Sunday, December 7, 2014

Mannes Piano Recital: Vladimir Feltsman Performs Schnittke

Friday evening's recital at Mannes's downtown location featured only two works, both of them by the late twentieth century composer Alfred Schnittke.  The event was curated by pianist Vladimir Feltsman who also took part in the performance of the second work.

It is only recently that Schnittke's importance to the development of serious music has come to be appreciated by the general public.  This despite the fact that, following the death of Shostakovich in 1975, Schnittke was generally recognized by critics as the preeminent Soviet composer of his day, a thinker who exerted a strong influence on other artists not only in Russia but abroad as well.  In January, an entire week of concerts and recitals was staged in his honor and that of his associates at a Julliard Focus series whose highlights included performances of both the Fourth and Eighth symphonies in addition to a number of his chamber works.

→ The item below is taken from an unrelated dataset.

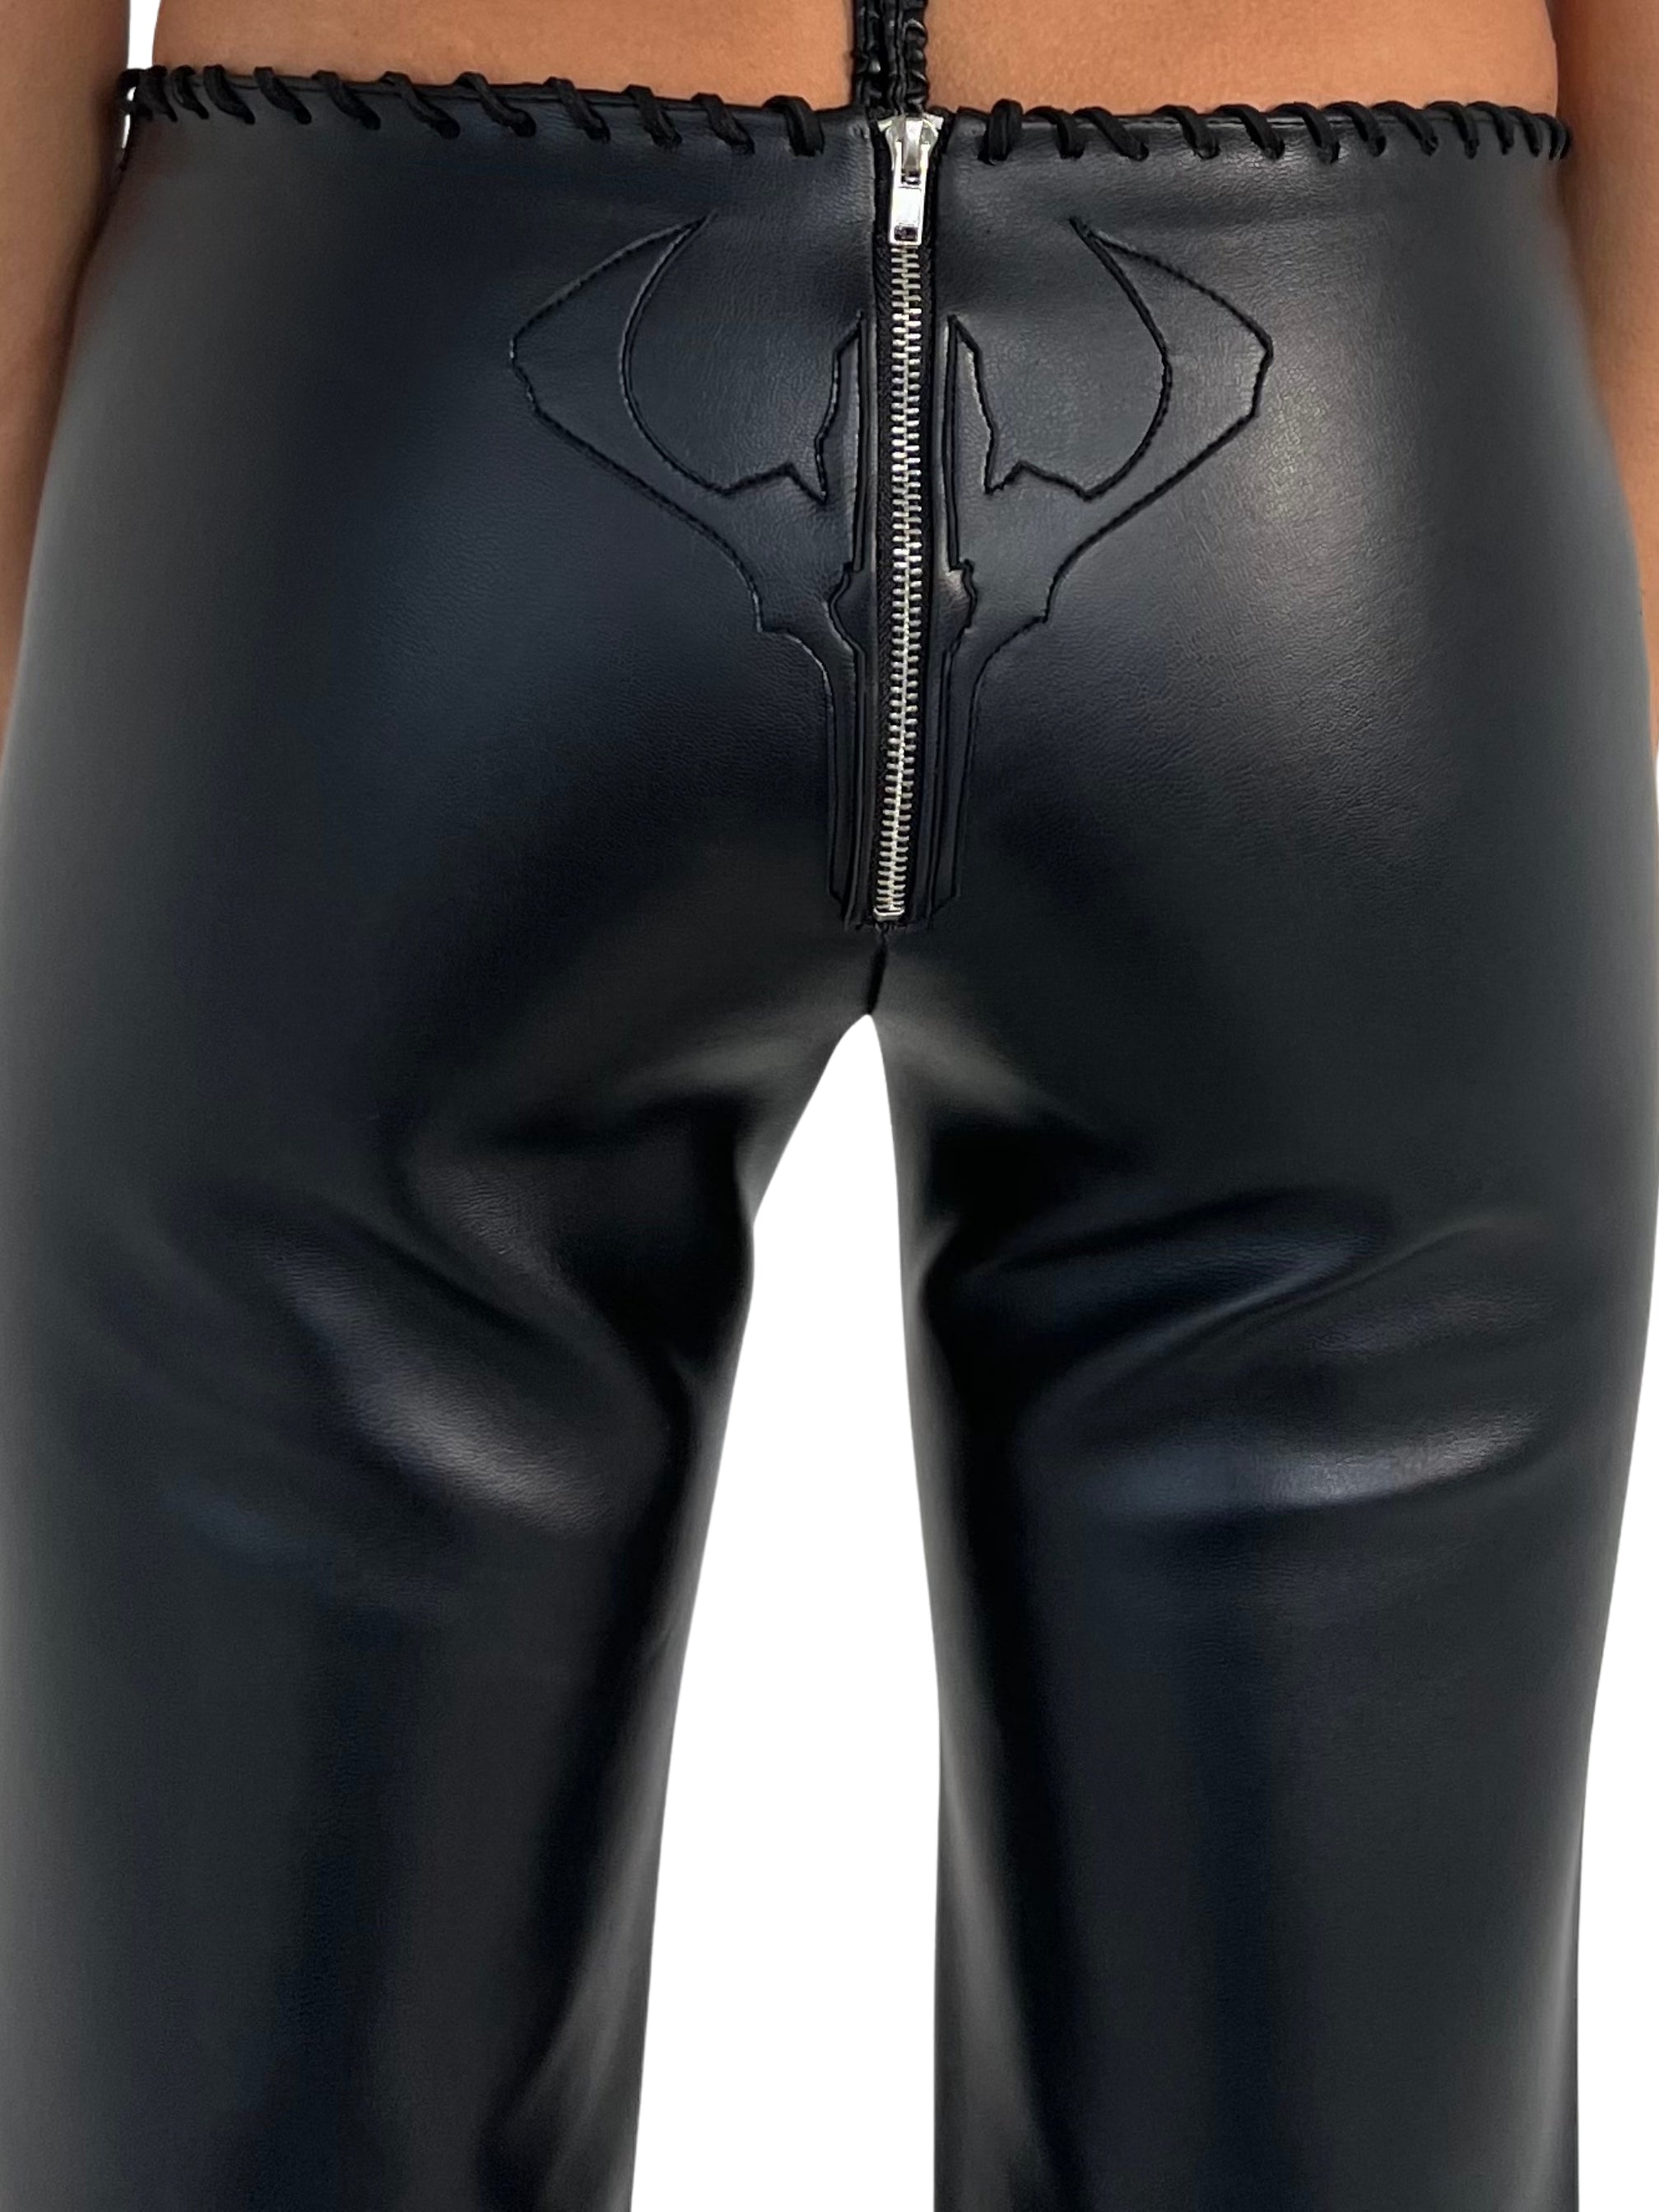 LOW RISE LEATHER CREST PANTS - SIREN THE BRAND

Schnittke was a theoretician as well as a composer and wrote a series of seminal essays, the most noteworthy of which dealt with with his espousal of polystylism.  According to this theory, high and low forms of music are combined within a single piece in order to provide to the listener additional associations that enrich the meaning of the work at hand.  Schnittke's interest in such a combination may very well have developed from the schizophrenic nature of his own career.  Since his serious work was repressed by Soviet authorities and remained largely unplayed, Schnittke was forced to earn a living as a composer of film scores.  This was not so unique an occurrence as one might imagine.  Following the uproar over Lady Macbeth of Mtsensk in 1936, Shostakovich spent much of the following year performing a similar task while all the while keeping a very low profile.  Music for films was considered a safe and acceptable outlet for otherwise problematic Soviet composers as such an activity did not carry with it the political implications entailed in the composition of more public works, such as symphonies.  At any rate, in a biographical essay, Alexander Ivashkin claimed that Schnittke completed as many as 66 such film scores.  No wonder then that Schnittke wrote in his essay "On Concerto Grosso No. 1" the following:
"For several years I experienced an inward urge to write music for the cinema and theater.  At first I enjoyed doing this, then it became a burden, and then it dawned on me: my lifelong task would be to bridge the gap between serious music and music entertainment, even if I broke my neck in the process.  I have this dream of a unified style where fragments of serious music and fragments of music for entertainment would not just be scattered about in a frivolous way, but would be the elements of a diverse musical reality..."
Friday's program opened with a performance by Baron Fenwick, a Mannes student taught by Feltsman, of Schnittke's Piano Sonata No. 1 (1987).  And certainly there could be no greater authority on the work than Feltsman himself as the sonata had been written specifically for him by Schnittke.  In fact, the composer had placed within the score notes that represented both his own and Feltsman's names and from these derived the theme for the entire work.  The sonata turned out to be an incredibly complex and technically demanding piece that showed the great faith Schnittke must have had in Feltsman's abilities as a pianist.  Here, the student Fenwick gave a brilliant performance of the sonata that allowed the listener to fully appreciate its worth.

In the second half of the program (there was no intermission, only a brief pause), Feltsman himself took over the piano for a rendition of the Piano Quintet (1972-1976) that Schnittke had composed in memory of his mother.  Feltsman was joined for the occasion by four very talented Mannes student string players - Hojin Kim, violin; Yuti Chang, violin; Adam Kramer, viola; and Zexun Shen, cello.  As the work progressed, it became clear that this five-movement quintet, which I had never before heard, was indeed one of the masterpieces of the twentieth century chamber repertoire and on a par with that Shostakovich had composed in the same genre.  Though dark and complex, this difficult piece certainly deserves to be heard more often.  I thought it superior, perhaps due to its long gestation, to other of the composer's chamber works I'd heard in the past.  In the end, the quintet proved a truly moving and heartfelt tribute to a departed loved one.

At the conclusion of the recital, Feltsman spoke to the audience about his own friendship with Schnittke.  It is always fascinating to listen to the remarks of a virtuoso who has actually known and been an associate of a famous composer.  The pianist's remarks enhanced the audience's appreciation of this amazing composer and, in a sense, brought him to life before us.